On peut s’appeler Sébastien Fontenelle et n’en être pas moins sensible à la contrefaçon. Accueillant avec ironie la Une du dernier numéro d’Alternatives économiques, composée de portraits encadrés sur fond blanc, Sébastien la rapproche de la couverture des Editocrates, en laissant entendre que le magazine a puisé son inspiration dans le réjouissant pamphlet qu’il a co-écrit avec Mona Chollet, Olivier Cyran et Mathias Reymond.
Je laisse de côté le débat classique en histoire de l’art des sources et des influences (non sans noter toutefois que l’interprétation du motif de la galerie des ancêtres par AE, avec sa légère ombre portée et ses noms propres disposés dans des cartouches, est plus réussie que celle des éditions Press Pocket).

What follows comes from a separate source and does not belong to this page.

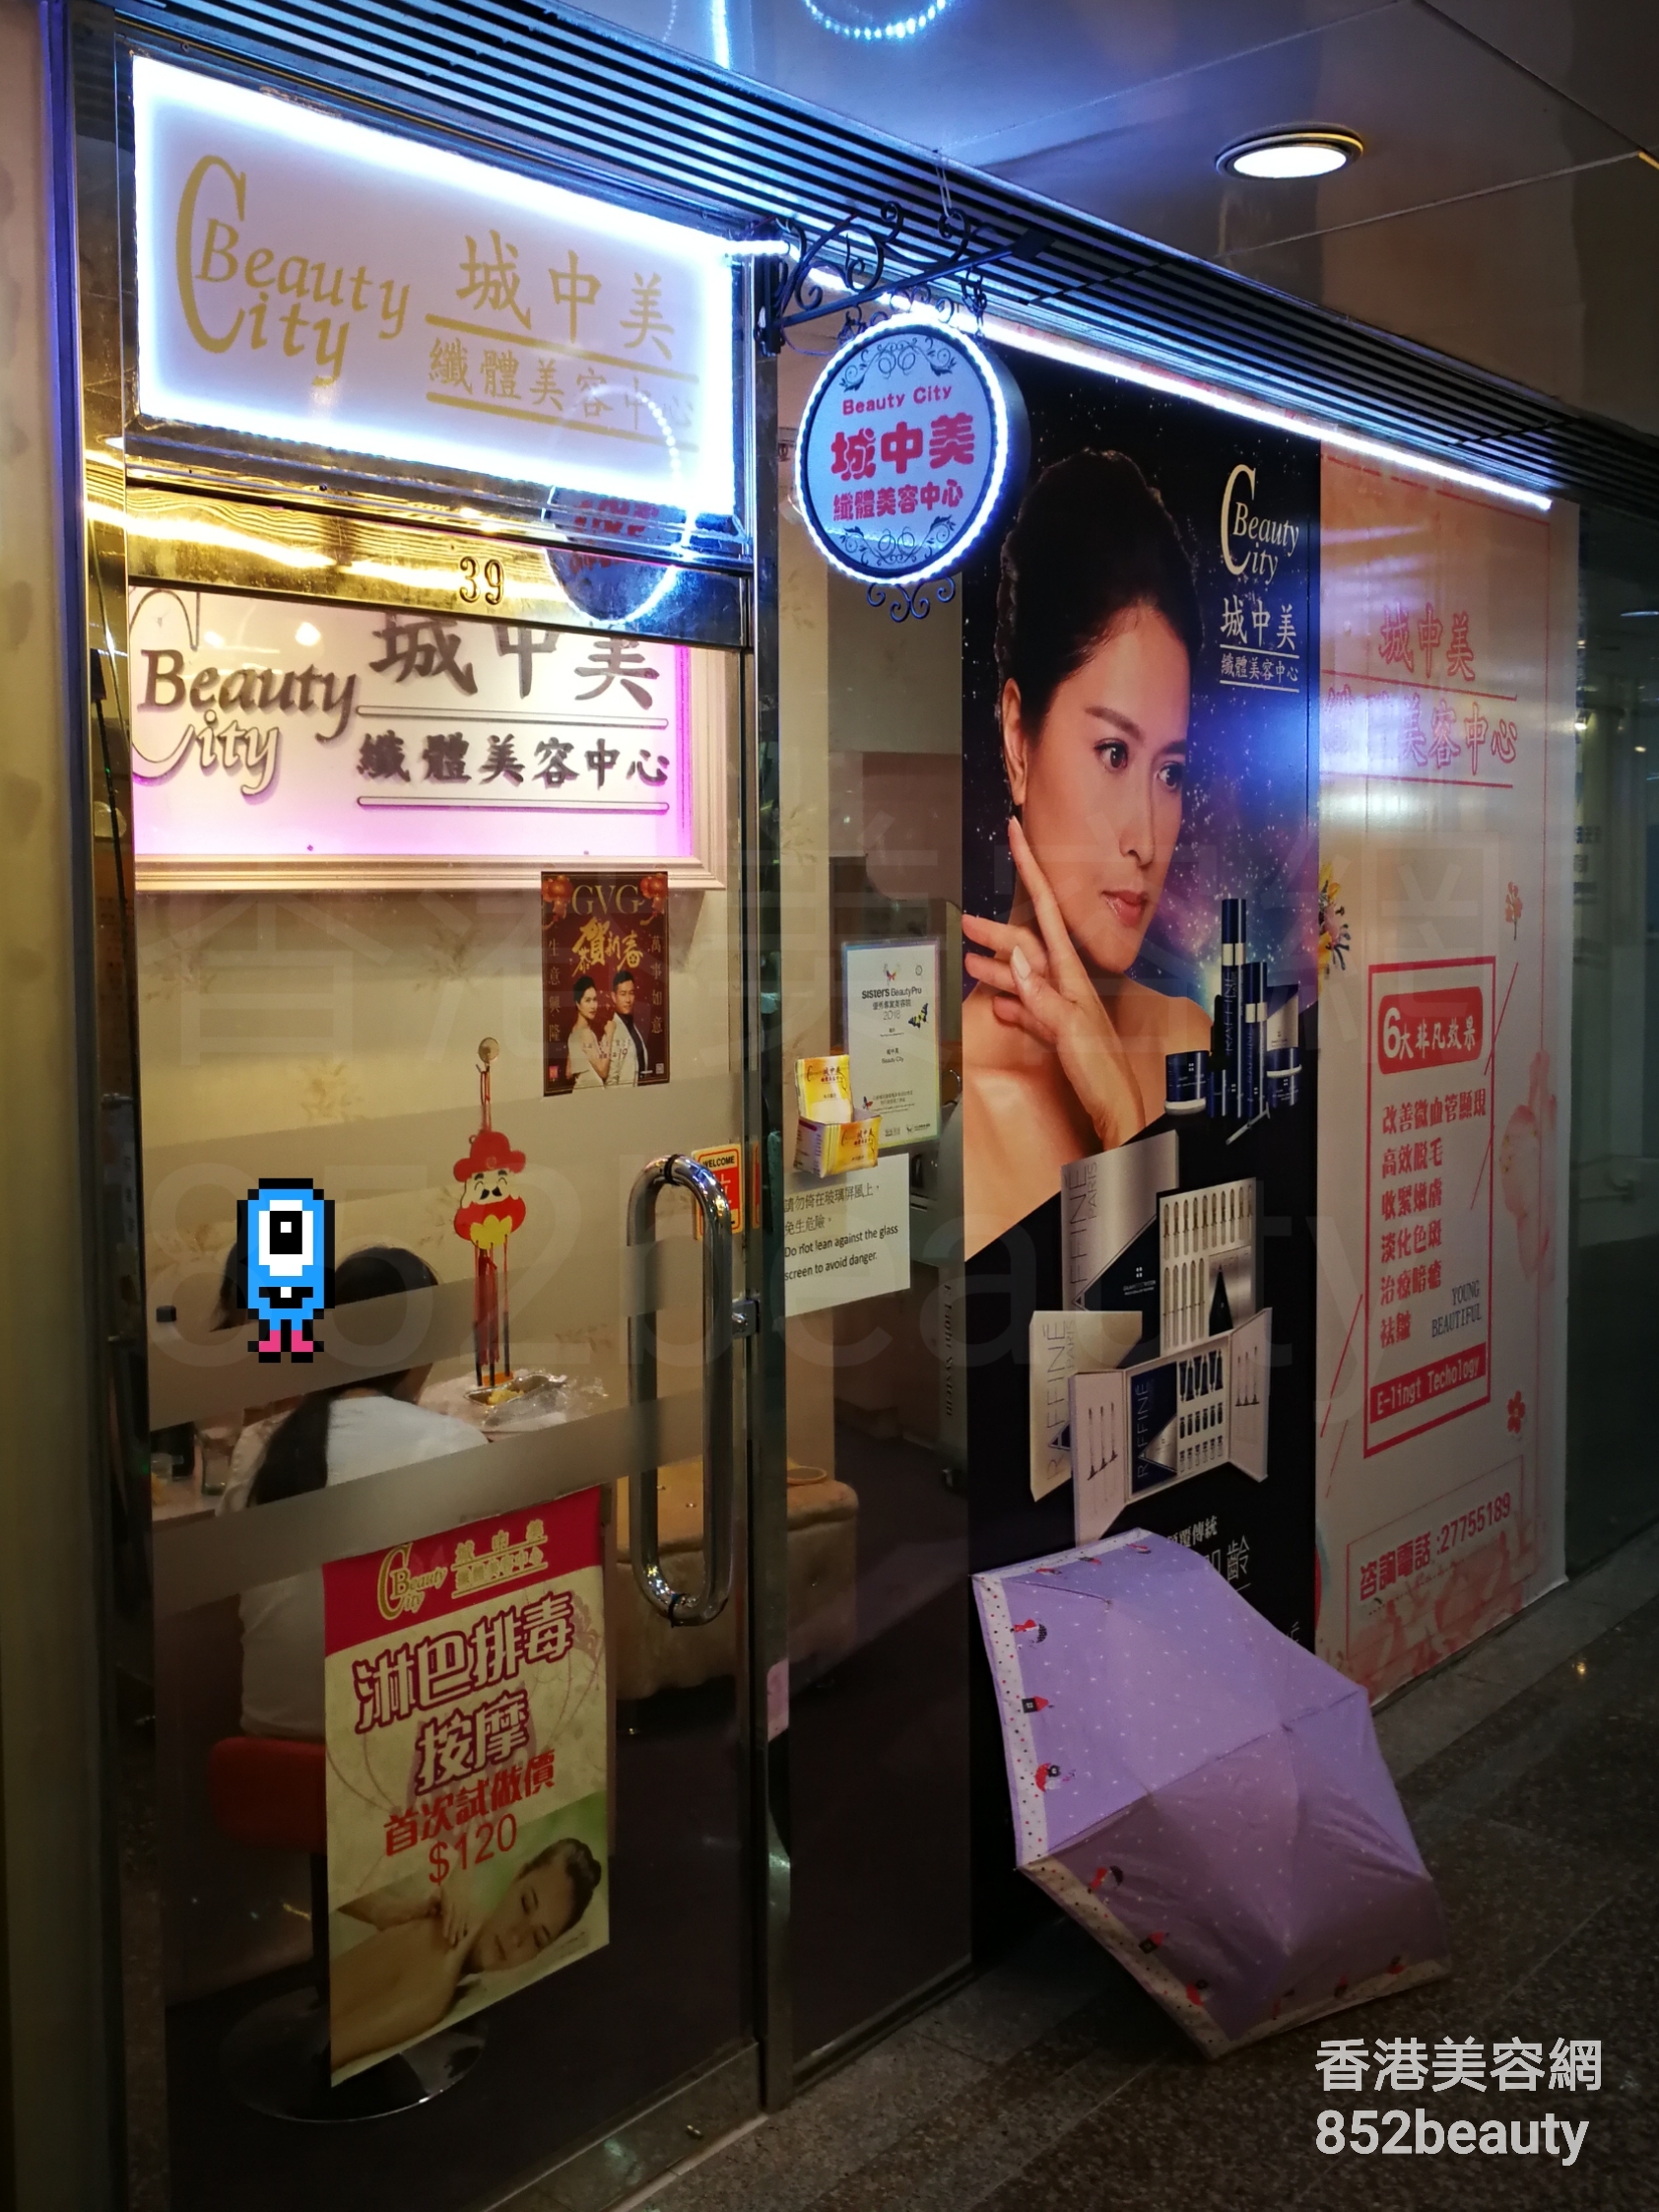 Beauty Salon: 城中美 纖體美容中心

Ce que le rapprochement des couvertures manifeste, c’est une légère différence de posture entre les deux catégories de modèles. Alors que les capitaines d’industrie affichent la sereine frontalité (le cas échéant soulignée par des bras croisés) de ceux qui affrontent les tempêtes sans sourciller, la majorité des éditorialistes (6 sur 9) se caractérise par un appui ou un geste de la main, poncif qui s’interprète dans le portrait classique comme la connotation de l’activité intellectuelle, typique des écrivains, des savants ou des peintres (cliquer pour agrandir).

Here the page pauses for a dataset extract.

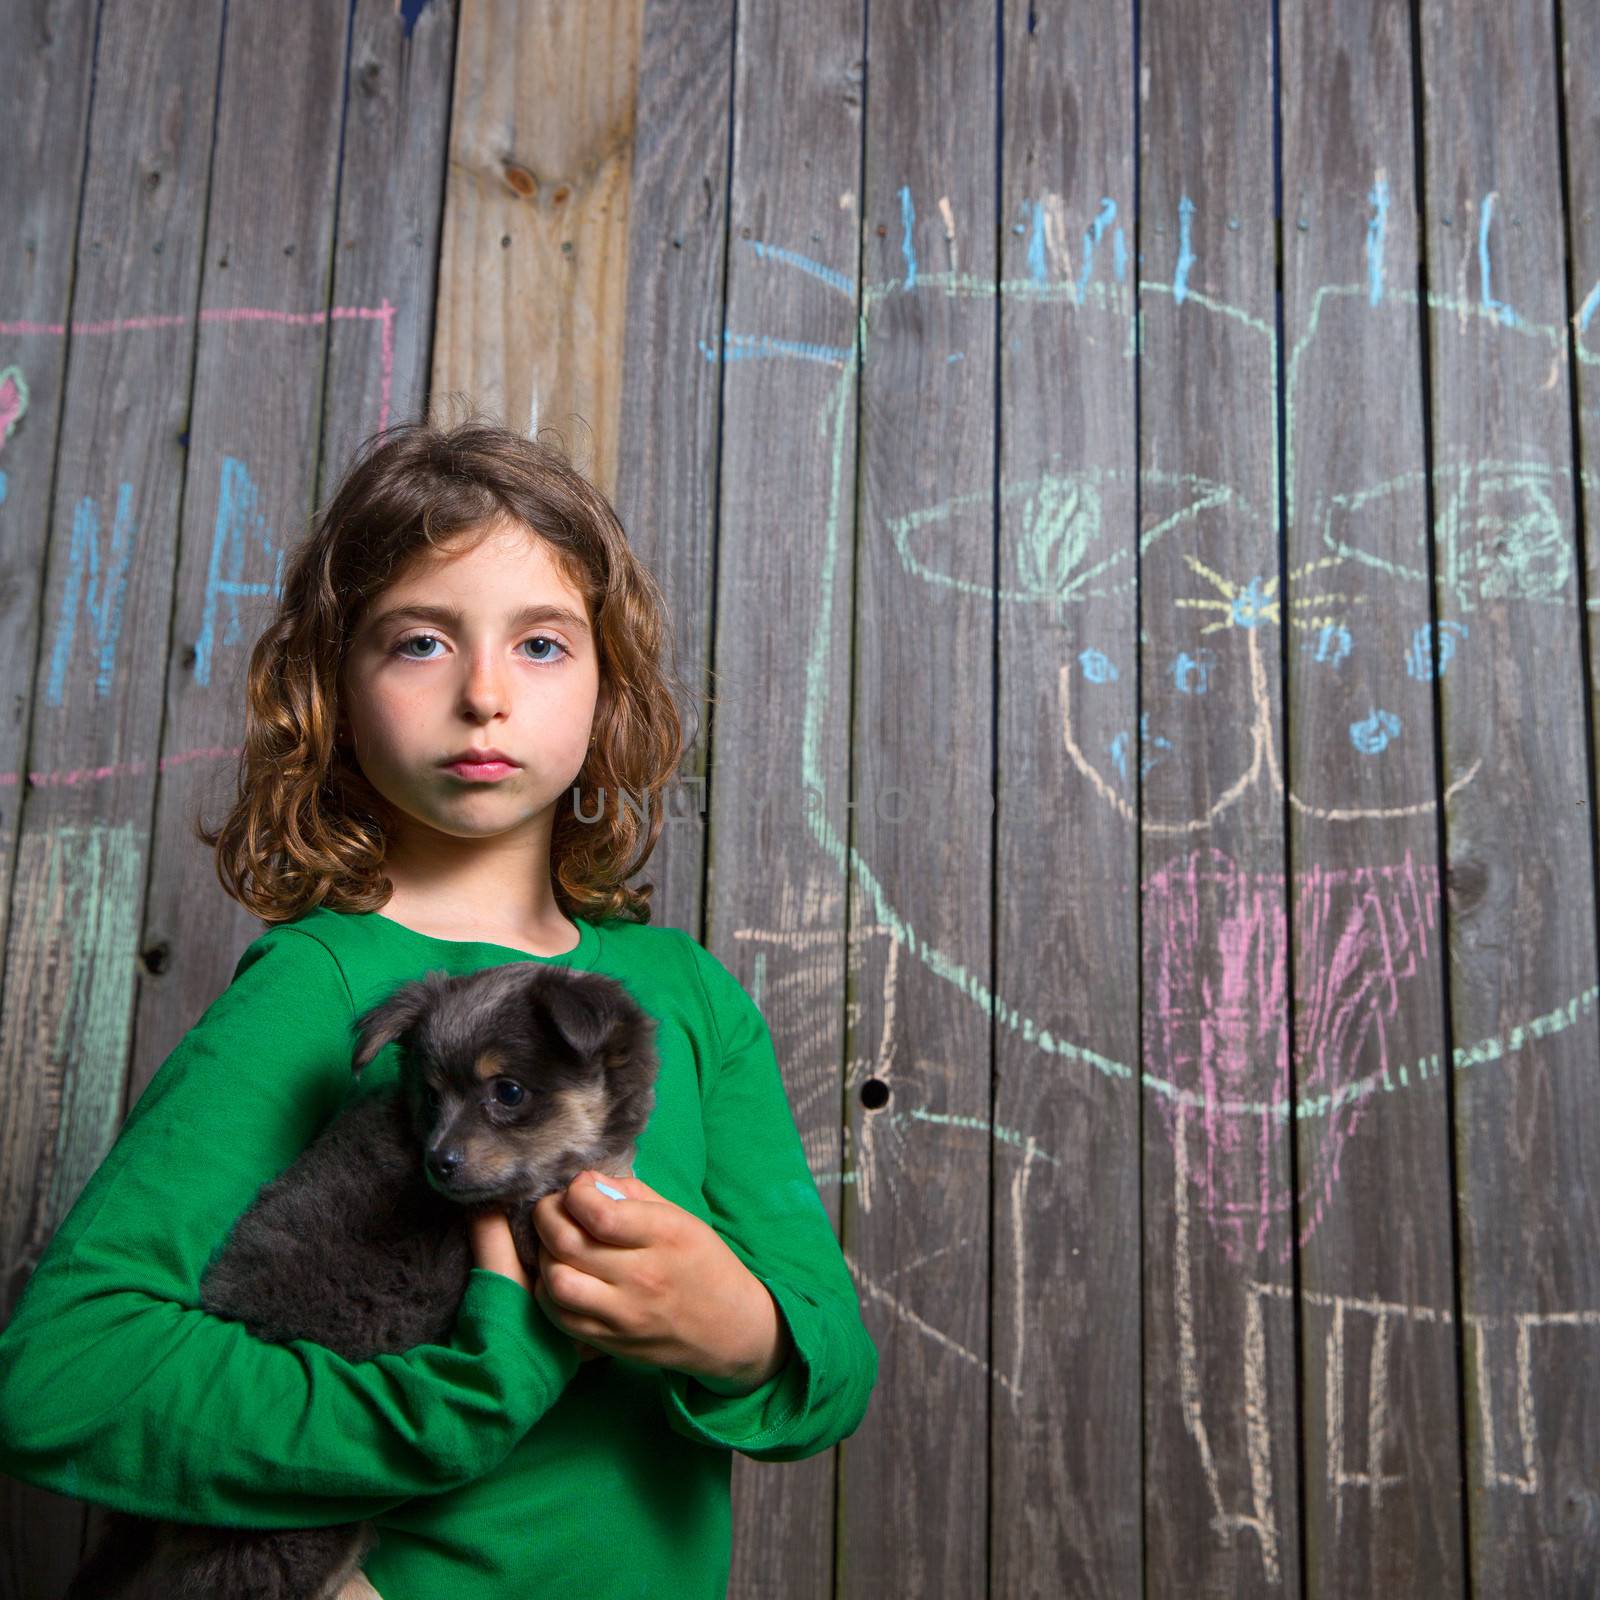 children girl holding puppy dog on backyard wood fence by lunamarina

A l’orée du XXIe siècle, les vielles conventions du portrait peint n’ont pas disparu. Elles perpétuent les distinctions de classe, d’activité ou de statut que nous savons reconnaître d’un seul coup d’œil. Ce qui donne une solide raison pour les encadrer de bois doré.
Une petite remarque toutefois: Si dans le cas des éditorialistes ce sont bien des portraits posés, à part dans le cas des héritiers Bettencourt et Dassault, les héritiers semblent être surtout des photos « sur le vif ».

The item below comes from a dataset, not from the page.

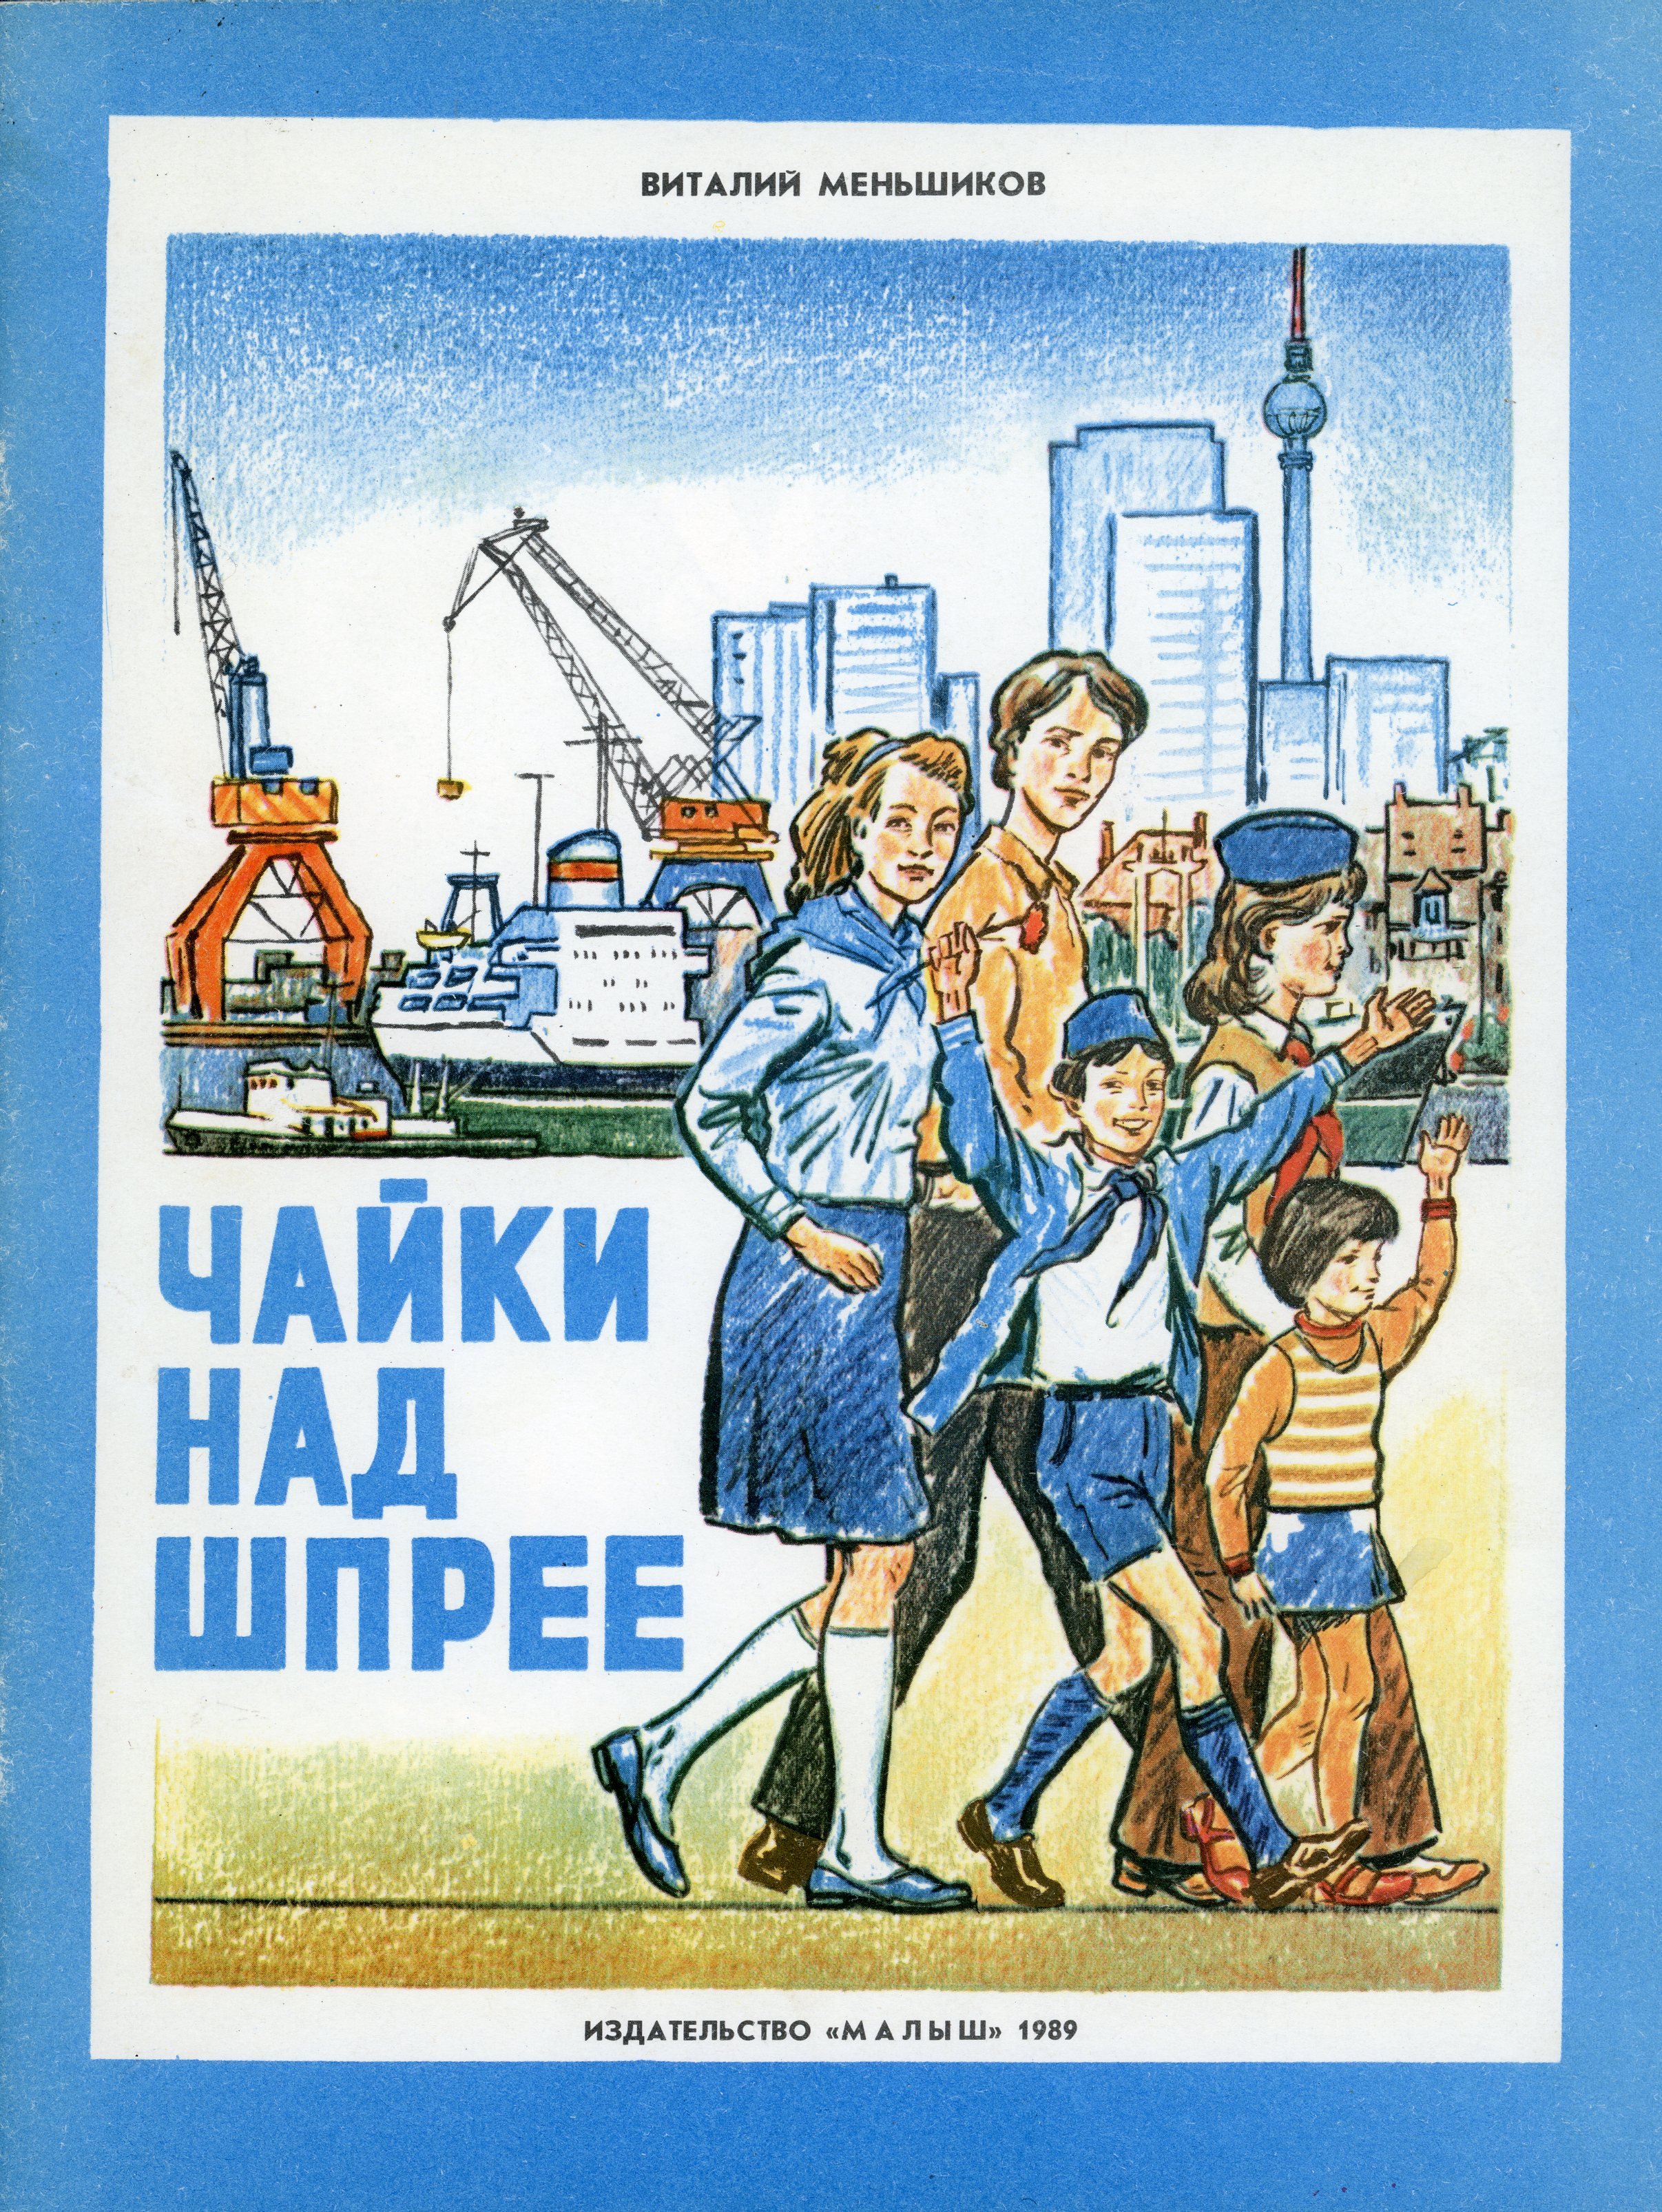 Kinderbuch "Möwen über Spree", Vitalij Menschikow, Moskau: "Malysch", 1989 (Museum Berlin-Karlshorst CC BY-NC-SA)

@Thomas: Bien vu, mais quoiqu’il en soit, le choix des éditeurs des deux couvertures ont été effectuées en respectant les fonctions traditionnelles du portrait « statutaire » – ce qui fait évidemment partie du jeu dans le contexte de la reprise du motif de la galerie des ancêtres.
Je note davantage de contre-plongée dans les portraits des héritiers qui, assez « naturellement », nous regardent de haut. Les éditorialistes semblent davantage s’adresser à nous, les yeux dans les yeux, sur le mode de la conversation inspirée.
Je pense que l’on a besoin des cadres pour identifier immédiatement la référence parce que la plupart des portraits sont de trop gros plans pour que la convention du portrait peint soit immédiatement identifiable.
A l’exception notable du portrait de Françoise Bettencourt (splendide!).
Le signe qui les associe à cette convention est extérieur à la représentation photographique.
Pour ma part ce que je remarque est dans la posture des personnages des éditorialistes. Surtout Philip Val, qui avec sa tête penché sur le côté laisse signifier un « je veux être aimé » ou apprécier. D’une manière générale on a l’impression qu’ils cherchent a plaire. Du côté héritier c’est un peu moins évident.